On the adoption side, there’s already a Python package on PyPI for hyper-connections, and lucidrains has an implementation on GitHub. mHC adds a constraint on top of existing hyper-connections, so the migration path for researchers is straightforward. Combined with inference-side improvements like TurboQuant’s 6x KV cache compression and diffusion-based decoding hitting 1,000 tokens per second, the LLM architecture stack is getting reworked at every level.
The fact that DeepSeek is publishing this openly matters too. They could have kept mHC as an internal advantage for their next model release. Instead, they published the paper with enough detail that anyone can implement it. That’s consistent with their pattern. DeepSeek-V2 and V3 were both published with full architectural details, and the openness pushes the entire field forward.
FAQ
What’s the difference between residual connections and hyper-connections?

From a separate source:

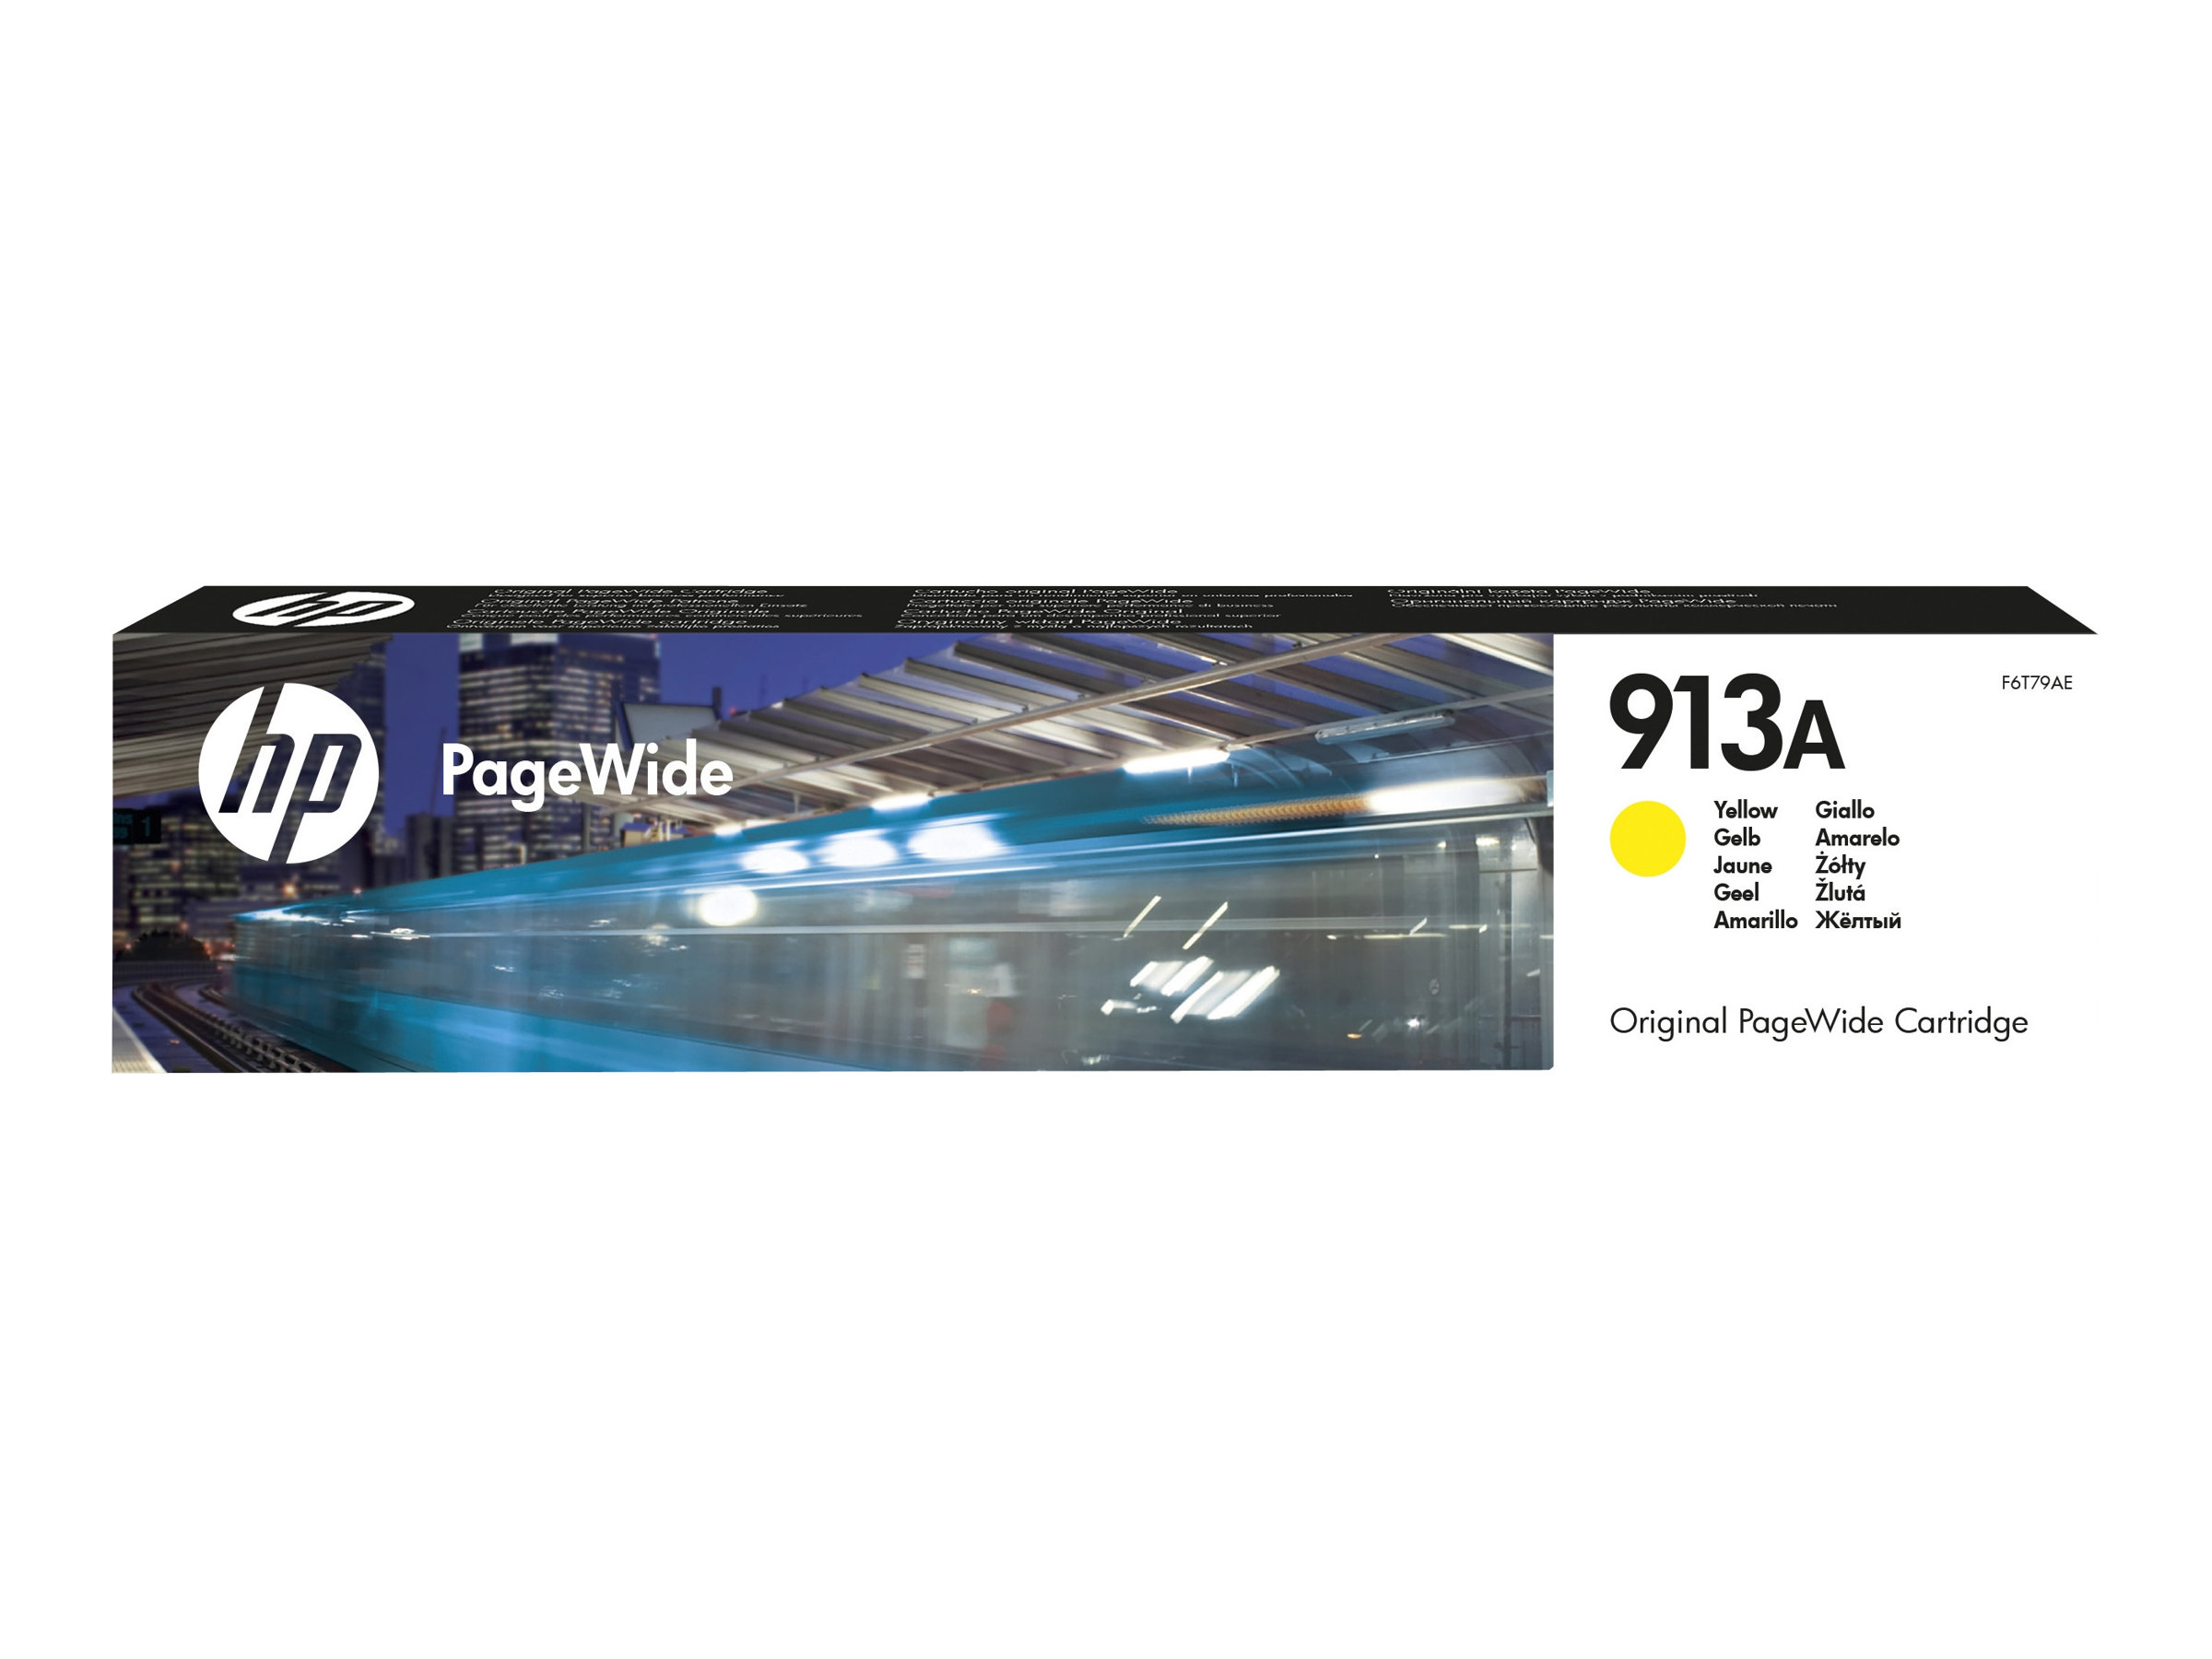 HP 913A - Jaune - original - PageWide - cartouche d'encre - pour PageWide 352, 377, MFP 377; PageWide Pro 452, 477, 552, 577, MFP 477 - F6T79AE - Cartouches d'imprimante

Standard residual connections add a layer’s input directly to its output: one stream, one path. Hyper-connections widen this to multiple parallel streams with learned mixing weights, allowing richer information flow between layers. mHC adds a stability constraint to hyper-connections using doubly stochastic matrices.
Do I need to understand the Sinkhorn-Knopp algorithm to use mHC?
Not really. If you’re implementing it, the algorithm is about 5 lines of code. Alternate row and column normalization until convergence. If you’re using an existing implementation, it’s just a drop-in replacement for standard residual connections. The math behind why it works involves the Birkhoff polytope and doubly stochastic matrices, but you don’t need that to use it.
How does mHC compare to other training stabilization techniques like gradient clipping?
Gradient clipping is reactive: it caps gradients after they’ve already exploded. mHC is structural. It prevents the amplification from happening in the first place by constraining the mixing matrices. They’re complementary; you’d still use gradient clipping as a safety net, but mHC removes the primary source of instability in hyper-connections.
Will this show up in future DeepSeek models?
Almost certainly. They tested on their V3-style architecture, and DeepSeek has a pattern of publishing improvements right around the time they ship them.
Is the 6.7% overhead worth it?
Yes. 2-7 point gains across multiple benchmarks for 6.7% more training time is a bargain, and that’s before you factor in the stability benefit. Not having your training run diverge at 27B parameters is worth a lot more than 7% extra compute.
Bottom Line
The core idea here is almost disappointingly simple. Hyper-connections blow up at scale because their mixing matrices amplify signals? Constrain them to doubly stochastic matrices so amplification is mathematically impossible. Enforce the constraint using an algorithm from 1967 that just alternates row and column normalization.
It works. It beats unconstrained hyper-connections on benchmarks while keeping the composite gain at 1.6 instead of 3,000. Sometimes the real bottleneck in LLM architecture isn’t the attention mechanism or the training schedule. It’s the plumbing. Residual connections have been good enough for a decade, but “good enough” leaves performance on the table once you know how to do better.
I expect mHC or something very close to show up in DeepSeek’s next production model. And once it does, other labs will start experimenting with constrained hyper-connections. The math is simple, the overhead is small, and the payoff compounds with scale.